> PROBLEM DETAILS
Write out the lines of the material below exactly, beginning at the line with "Cihuatán - южные" and stopping after the line with "Ambarlı Bandırma arasında", and leave out the pictures.

> DATASET ENTRIES
● ● ● ●

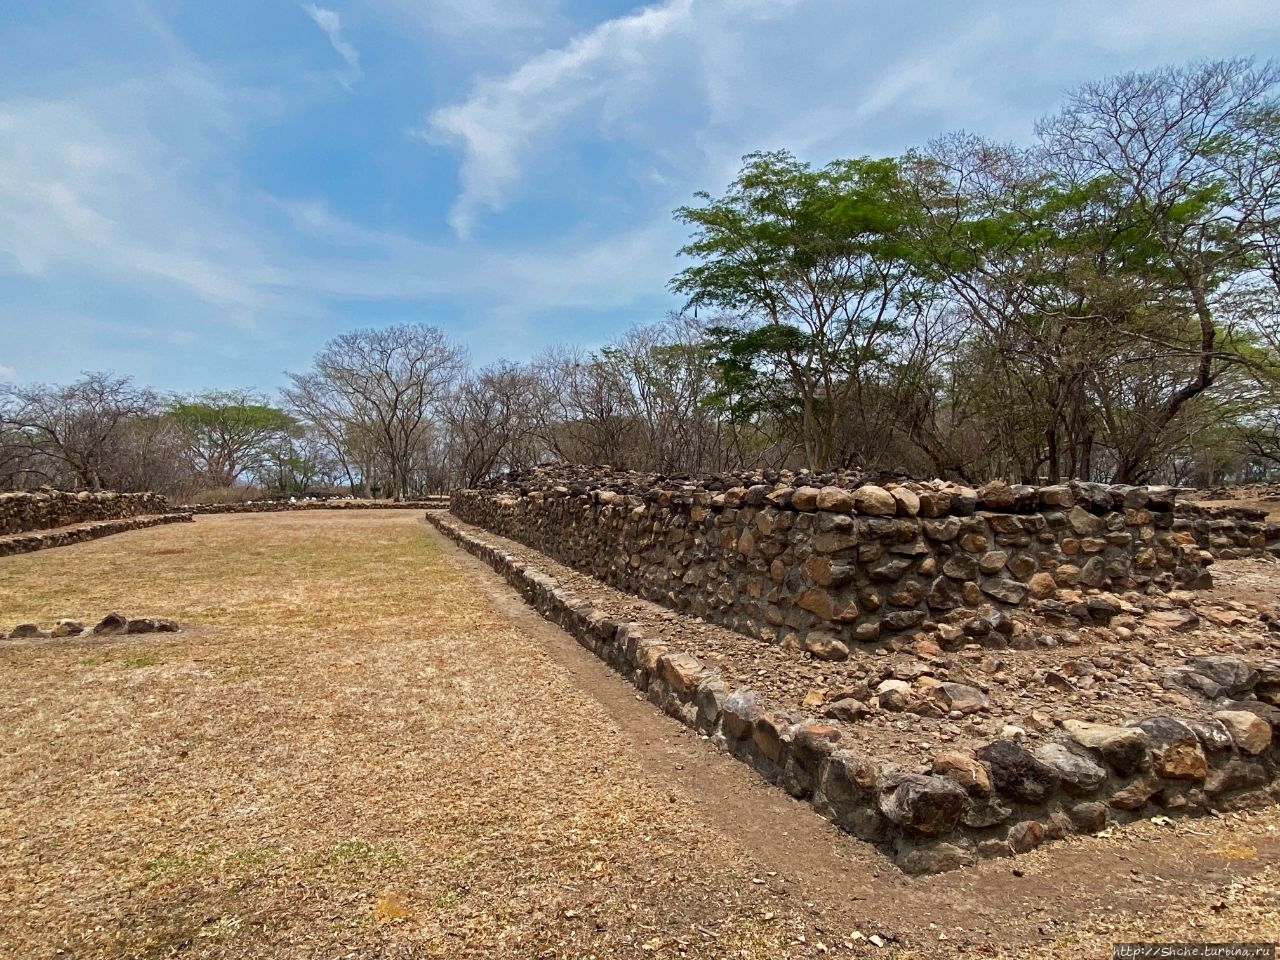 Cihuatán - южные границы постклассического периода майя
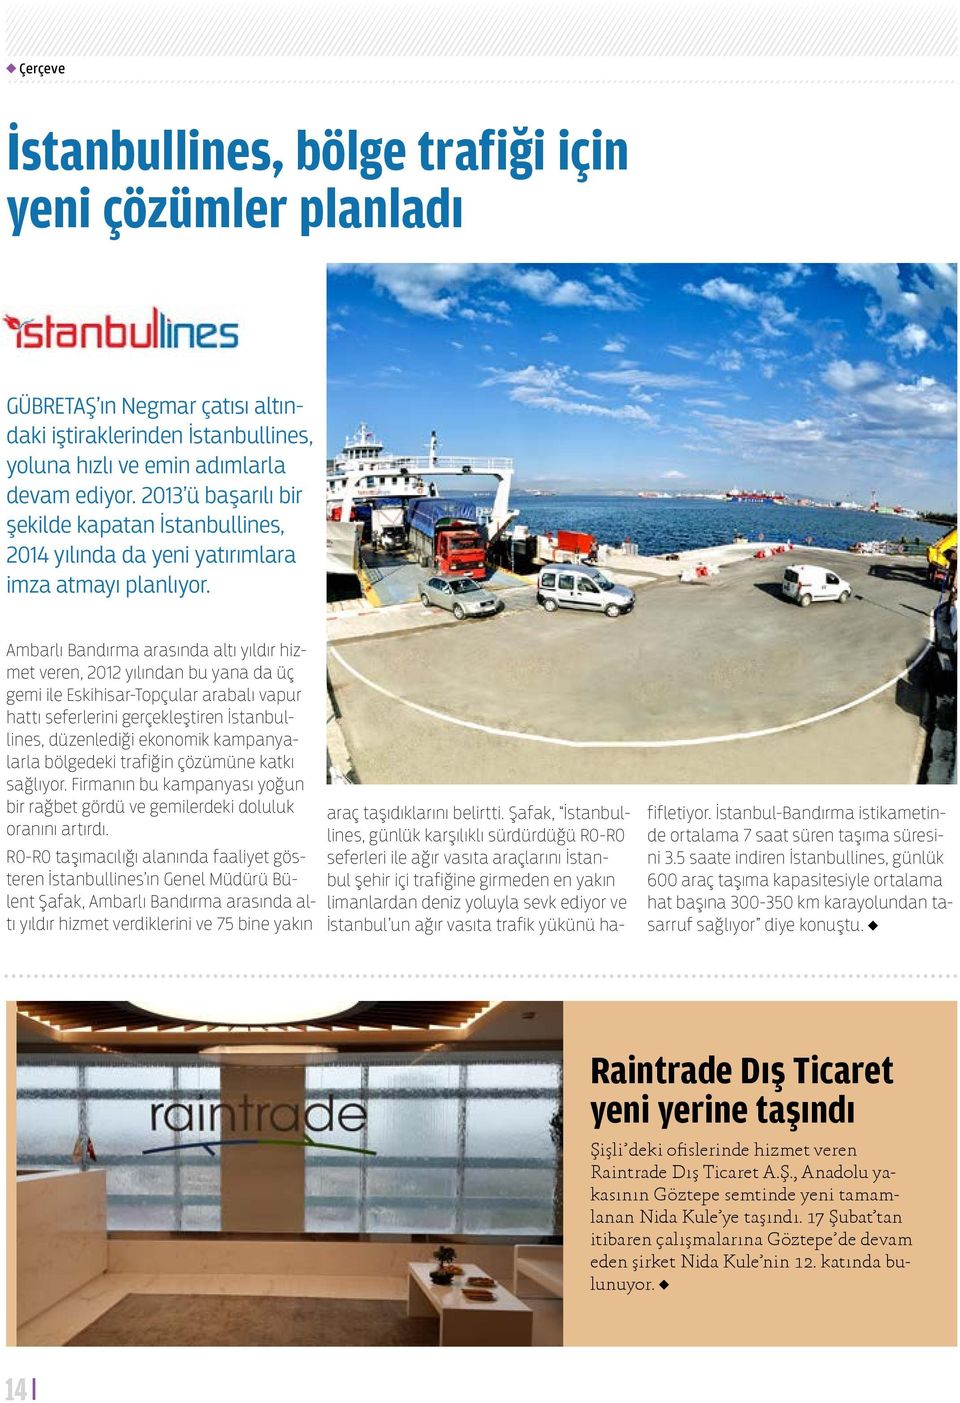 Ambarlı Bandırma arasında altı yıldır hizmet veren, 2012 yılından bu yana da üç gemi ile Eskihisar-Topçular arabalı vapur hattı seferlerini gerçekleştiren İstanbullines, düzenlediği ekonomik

● ● ● ●

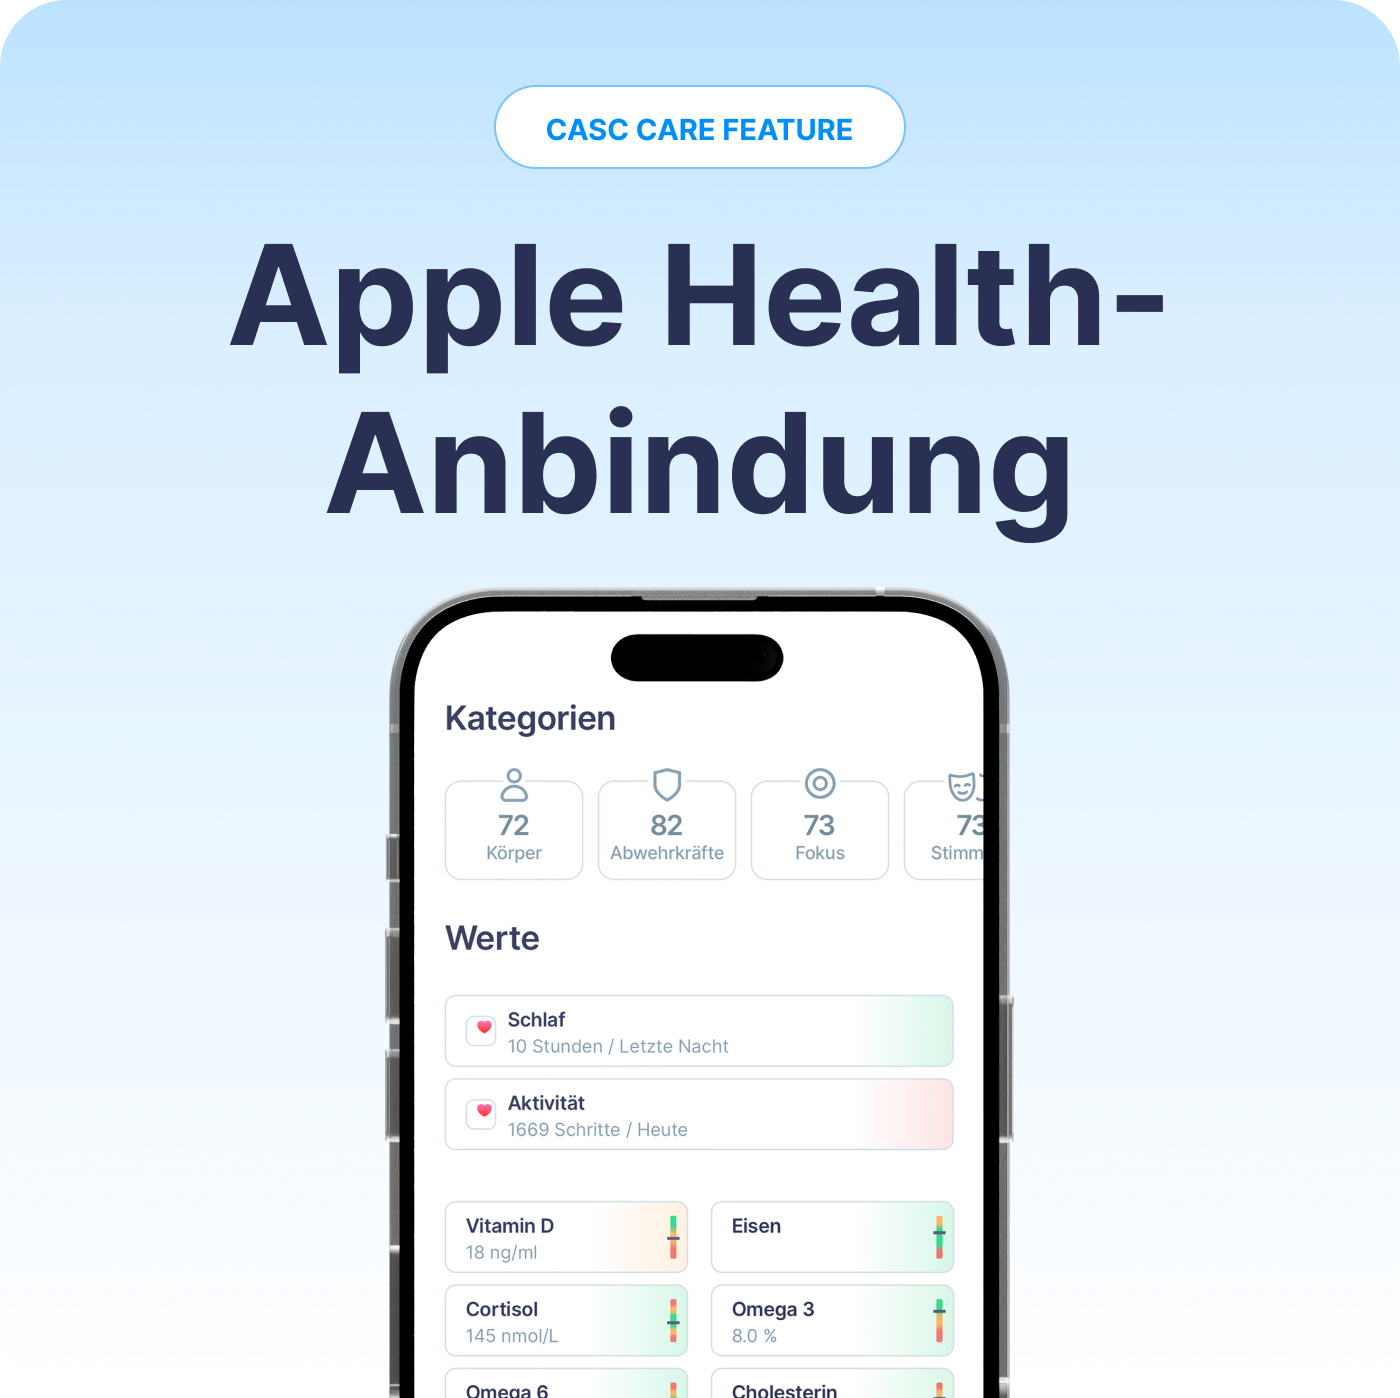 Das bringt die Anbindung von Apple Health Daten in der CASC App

● ● ● ●

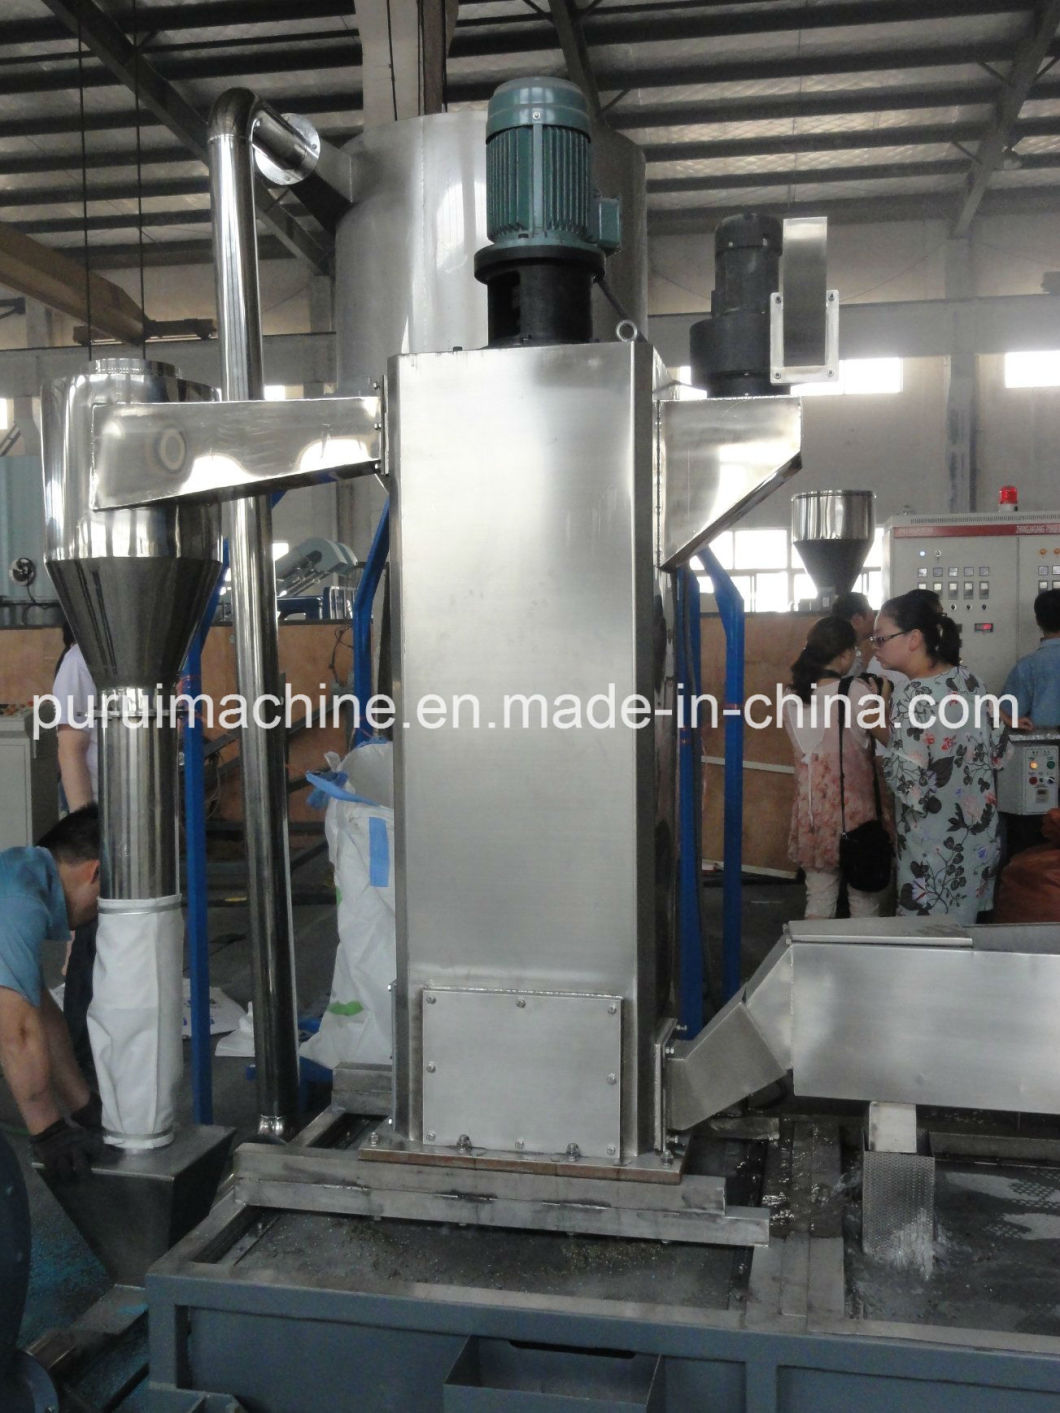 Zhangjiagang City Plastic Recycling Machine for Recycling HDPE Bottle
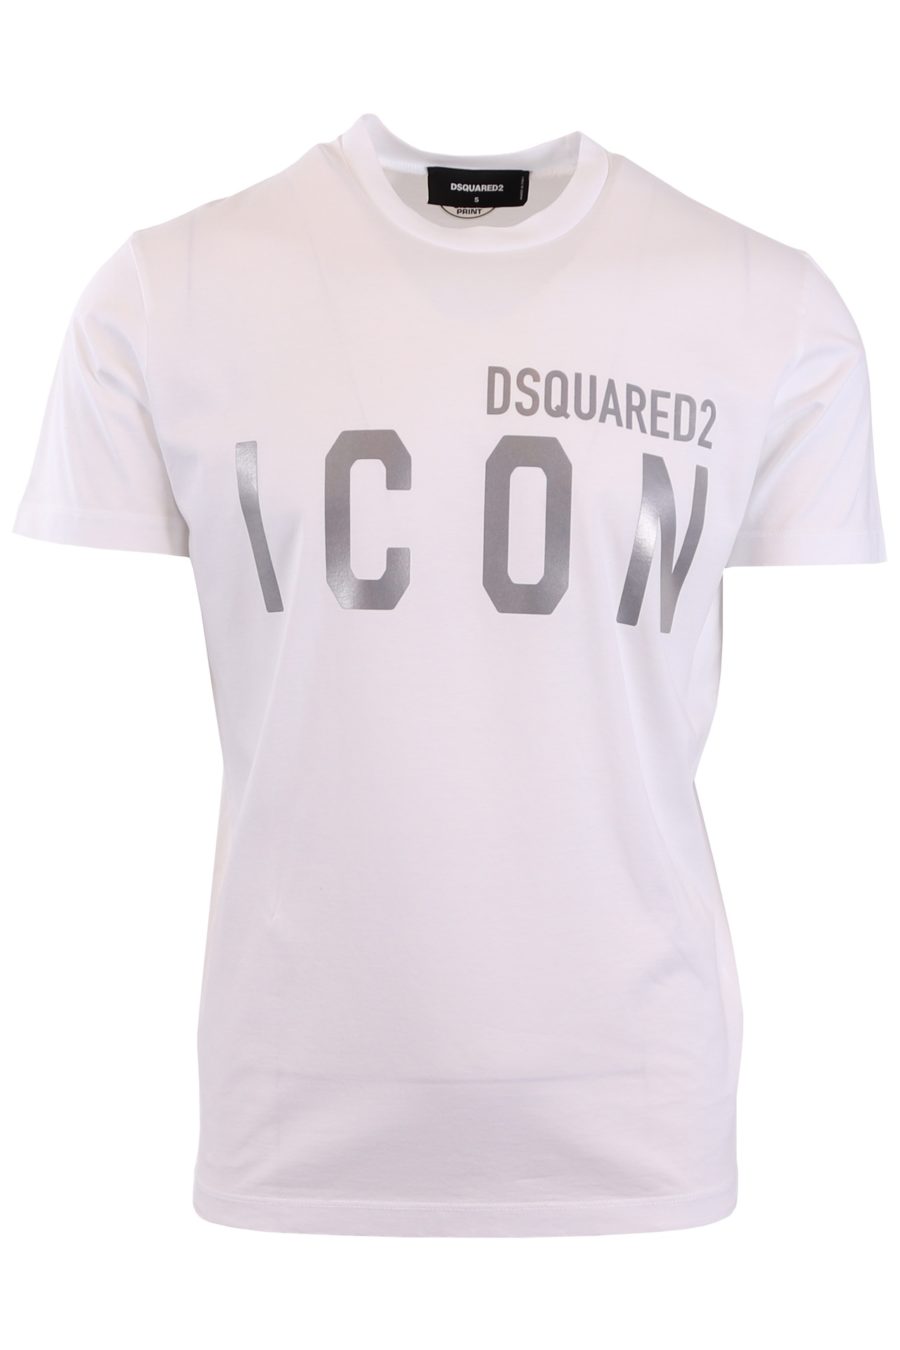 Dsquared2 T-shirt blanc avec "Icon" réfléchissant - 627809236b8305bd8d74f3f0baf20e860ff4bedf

● ● ● ●

> ANSWER SPACE
 Cihuatán - южные границы постклассического периода майя
 Ambarlı Bandırma arasında altı yıldır hizmet veren, 2012 yılından bu yana da üç gemi ile Eskihisar-Topçular arabalı vapur hattı seferlerini gerçekleştiren İstanbullines, düzenlediği ekonomik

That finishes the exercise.